**GIVEN MATERIAL:**
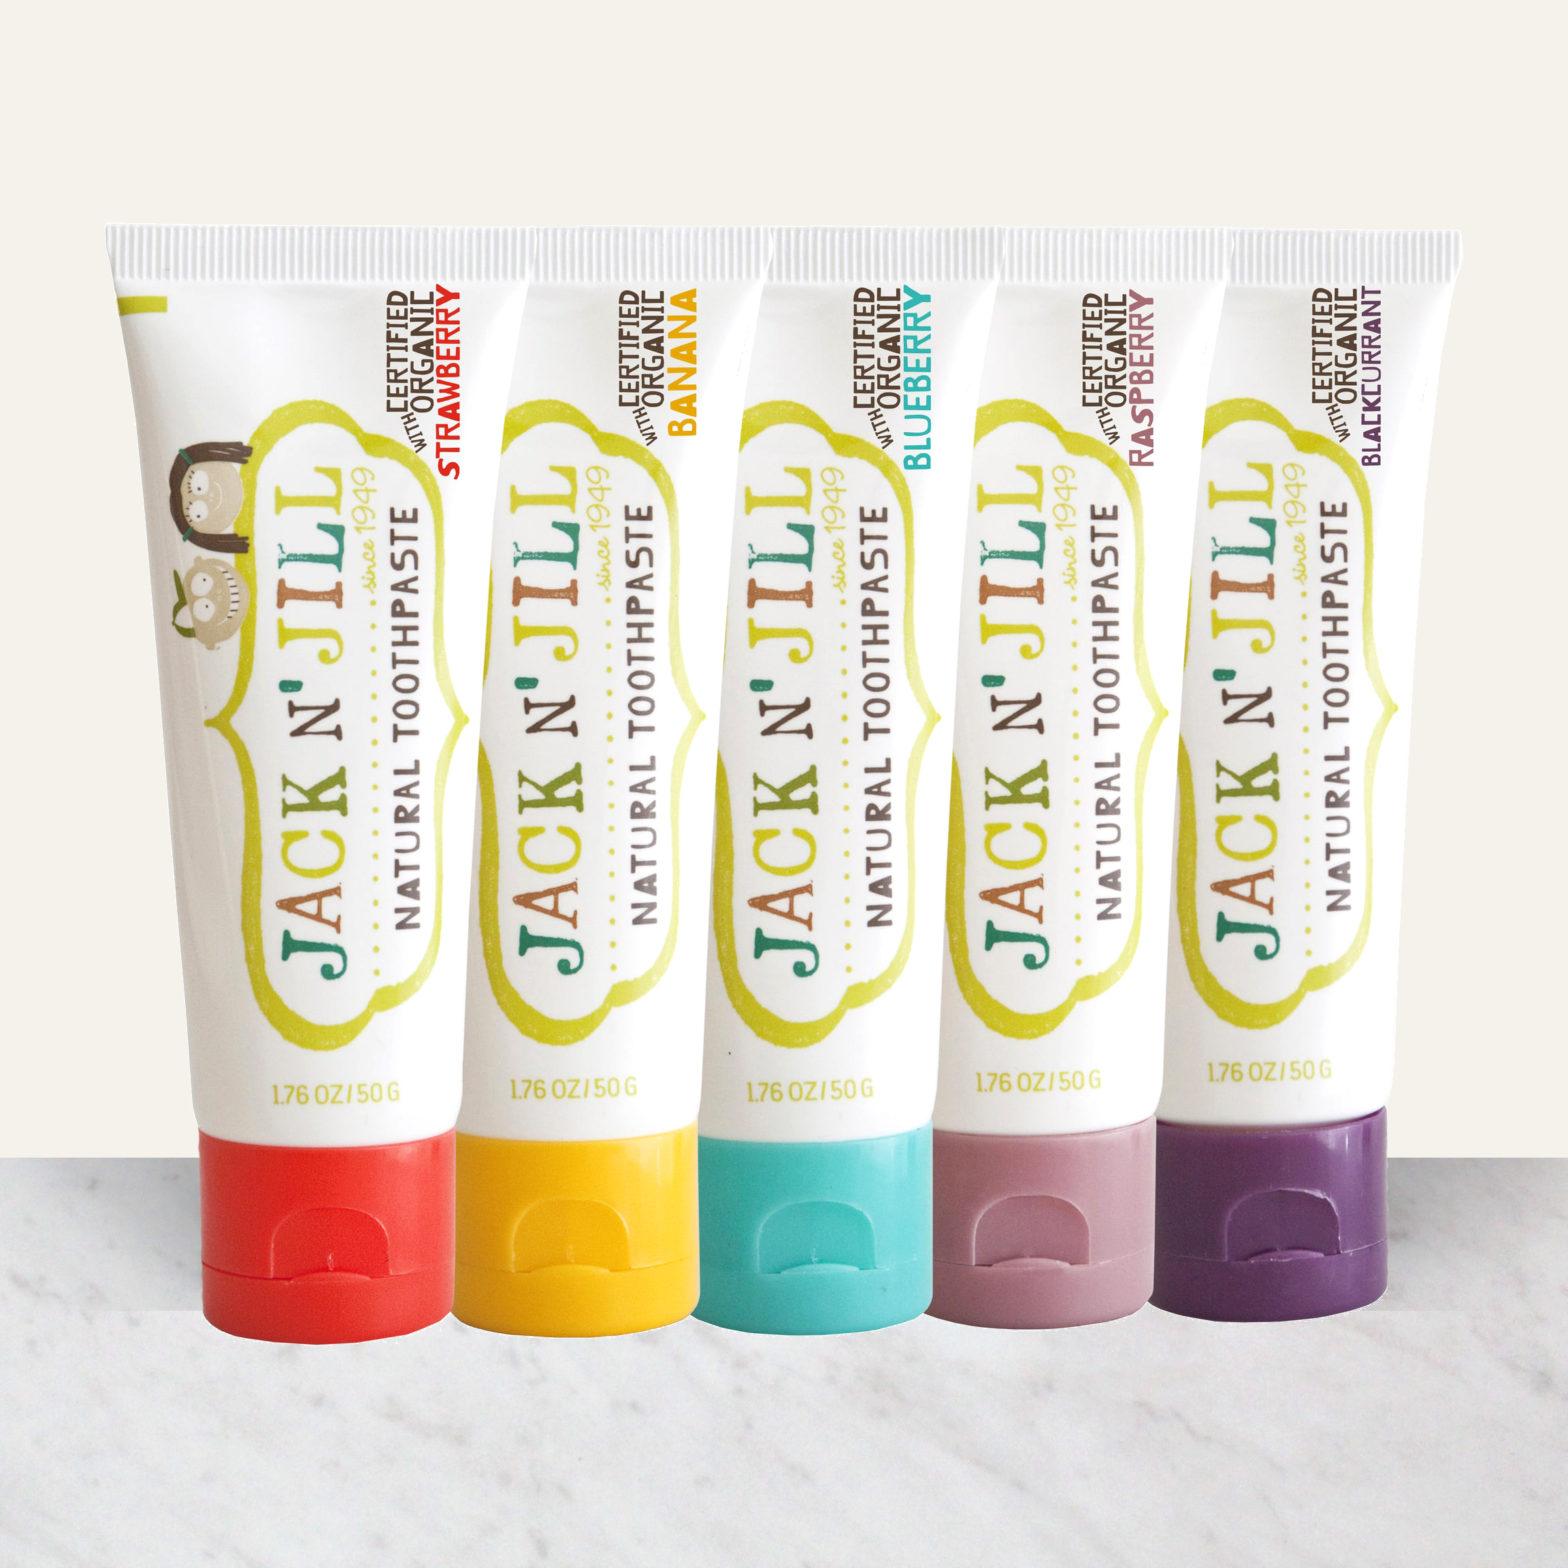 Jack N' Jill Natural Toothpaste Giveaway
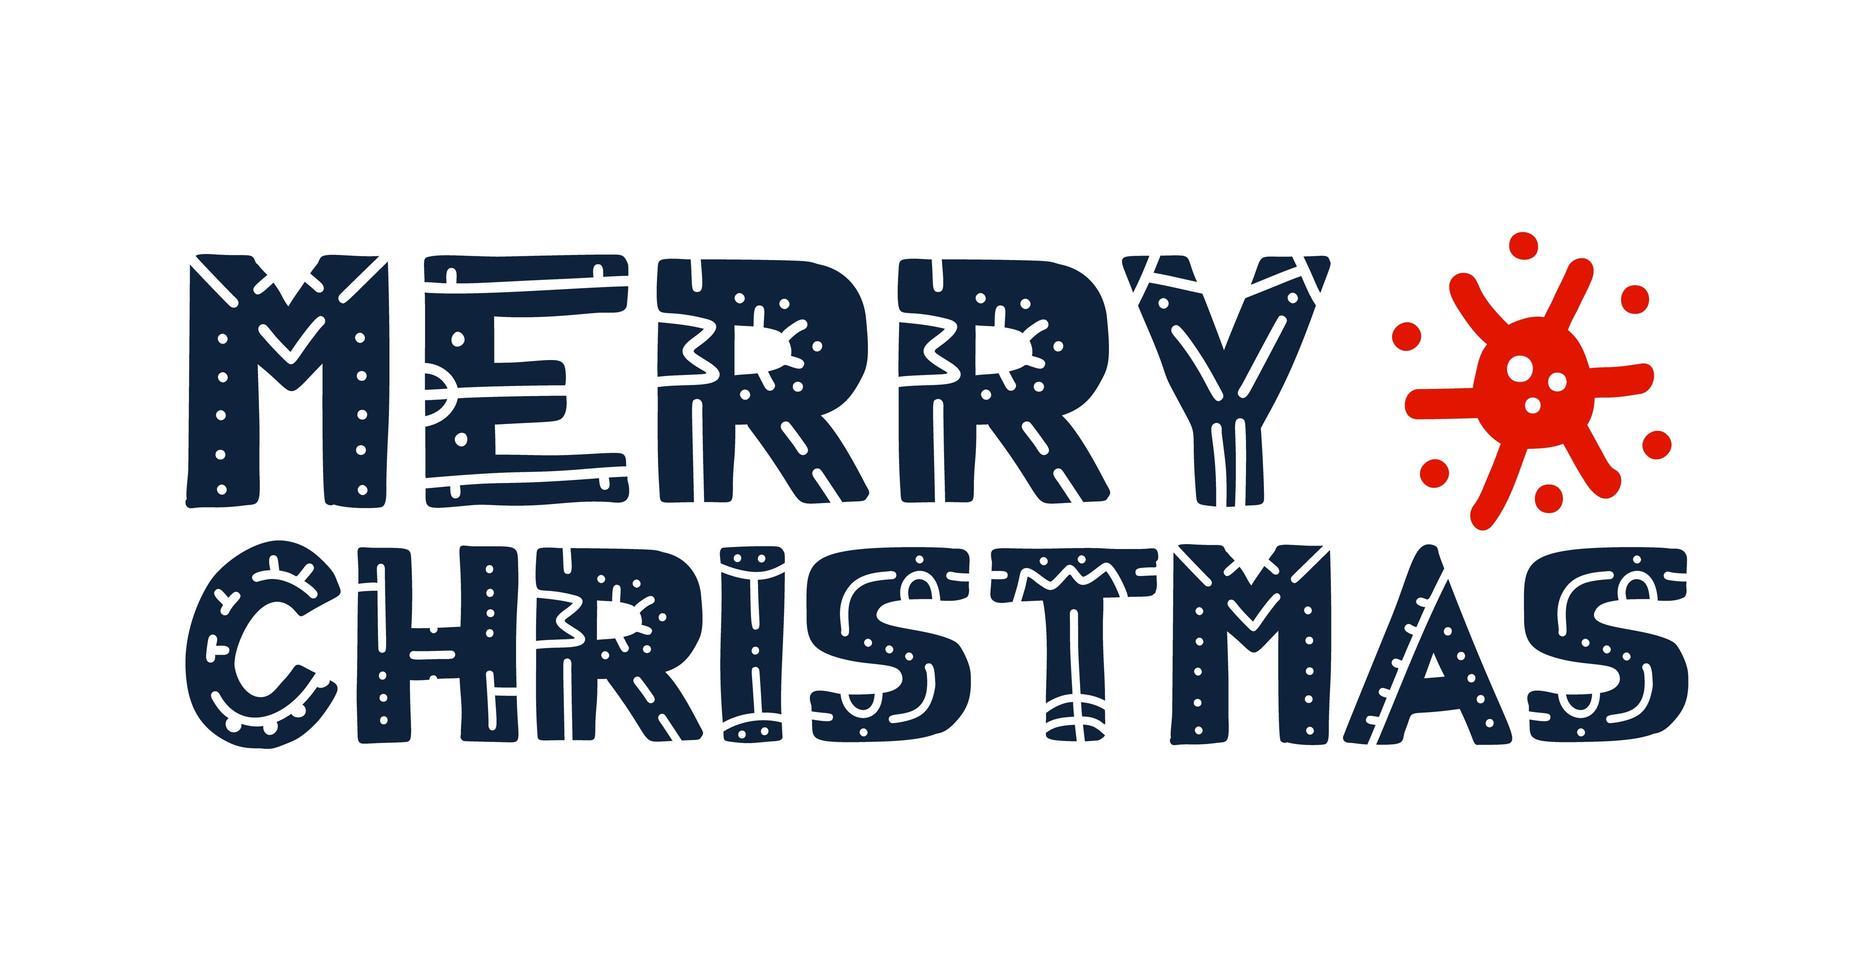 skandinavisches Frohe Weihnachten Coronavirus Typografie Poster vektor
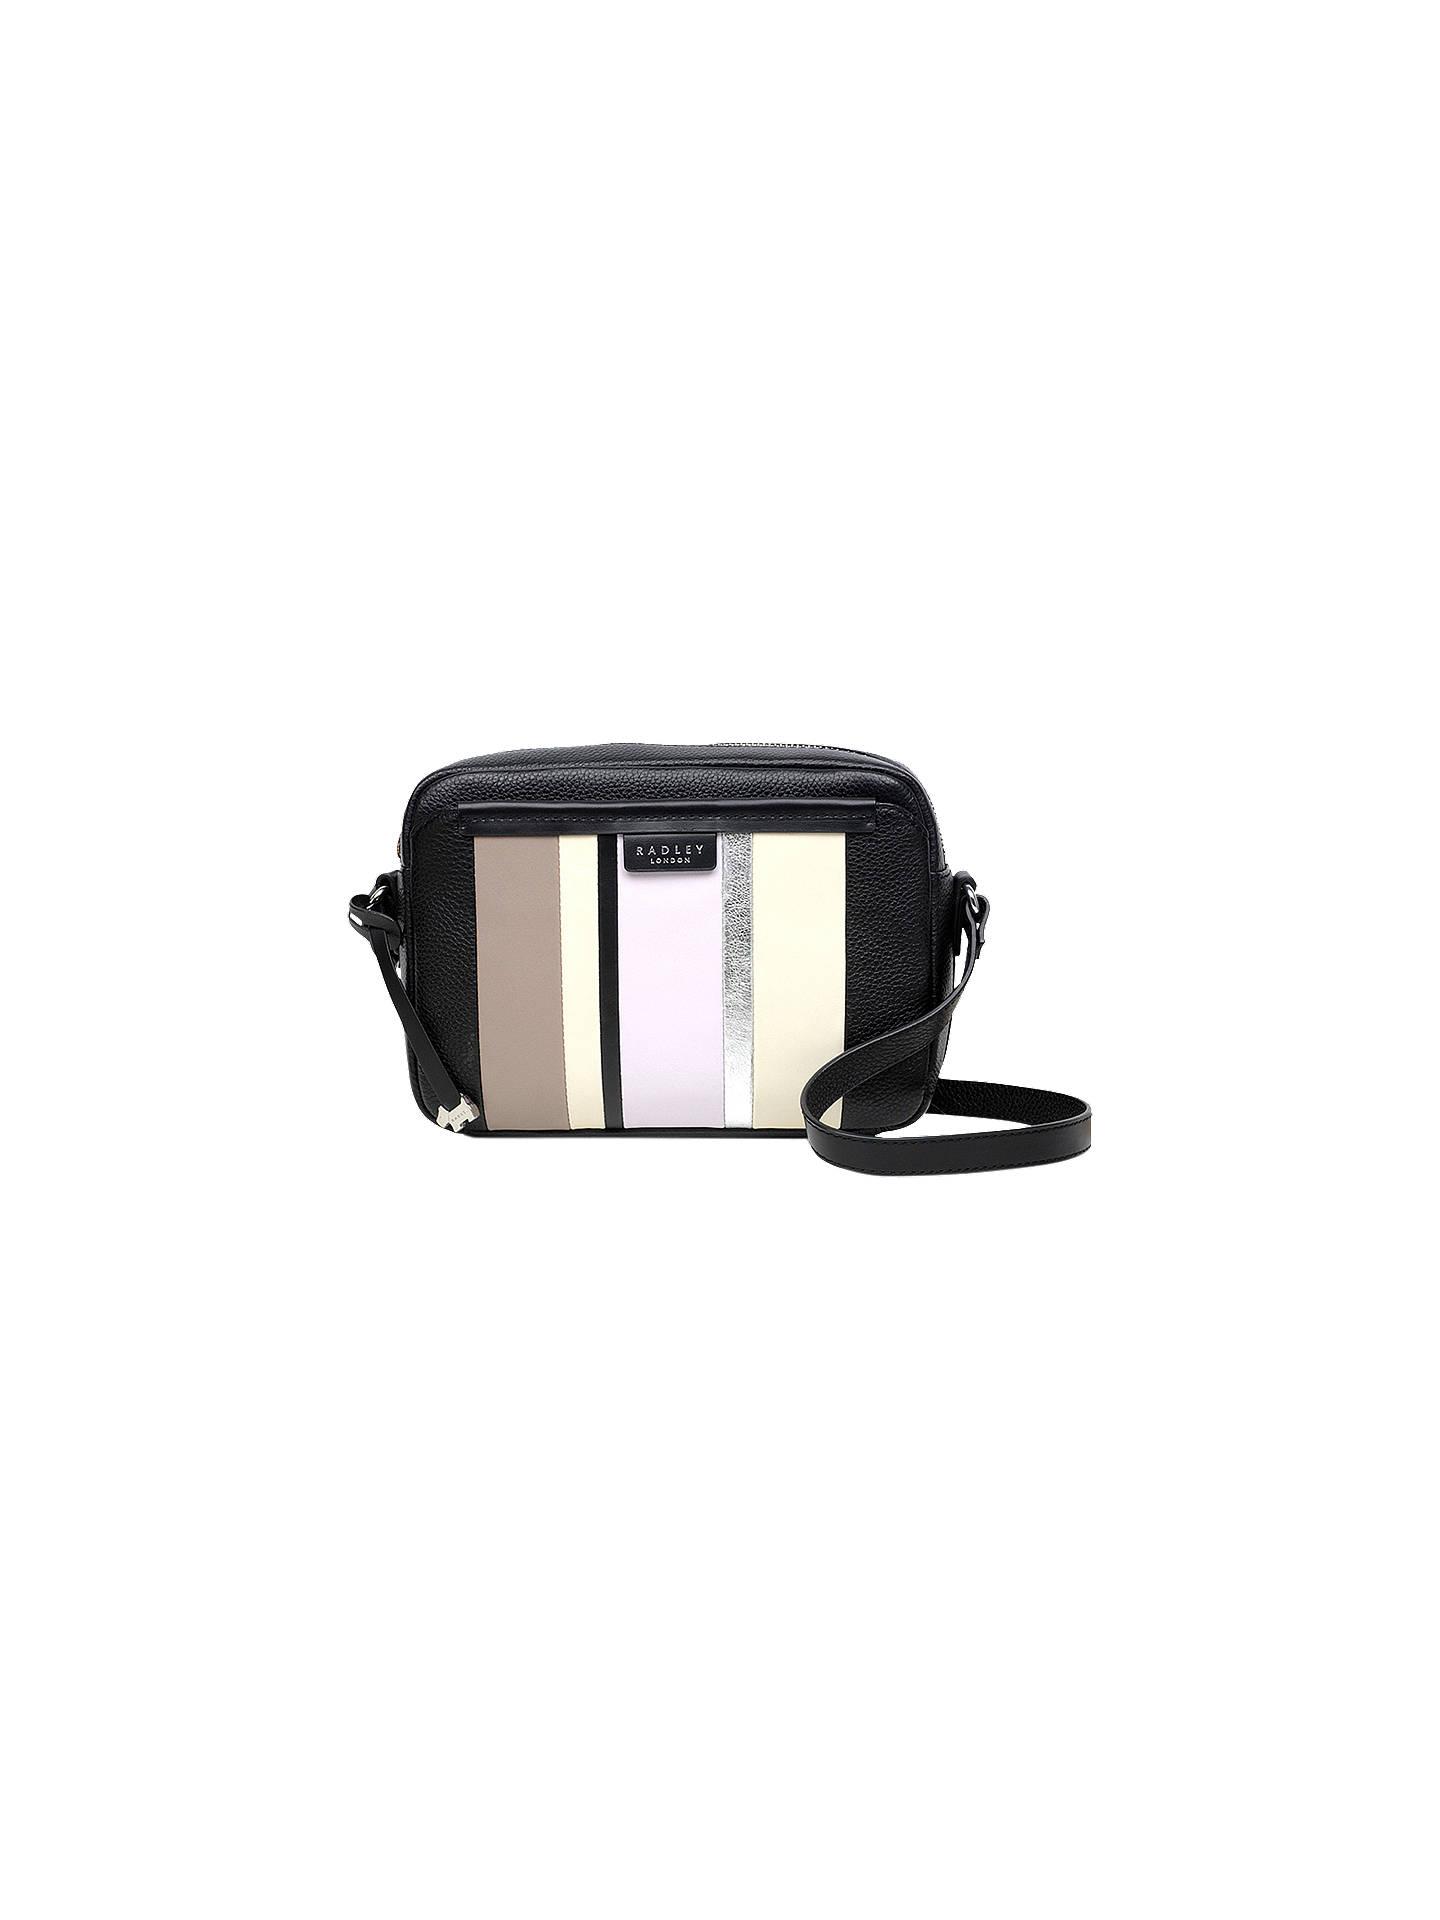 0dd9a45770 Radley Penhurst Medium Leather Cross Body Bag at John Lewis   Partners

**PROBLEM DETAILS:** Repeat the material line for line. Pictures stay out of the copy.

**RESPONSE BELOW:**
 Jack N' Jill Natural Toothpaste Giveaway
 skandinavisches Frohe Weihnachten Coronavirus Typografie Poster vektor
 0dd9a45770 Radley Penhurst Medium Leather Cross Body Bag at John Lewis   Partners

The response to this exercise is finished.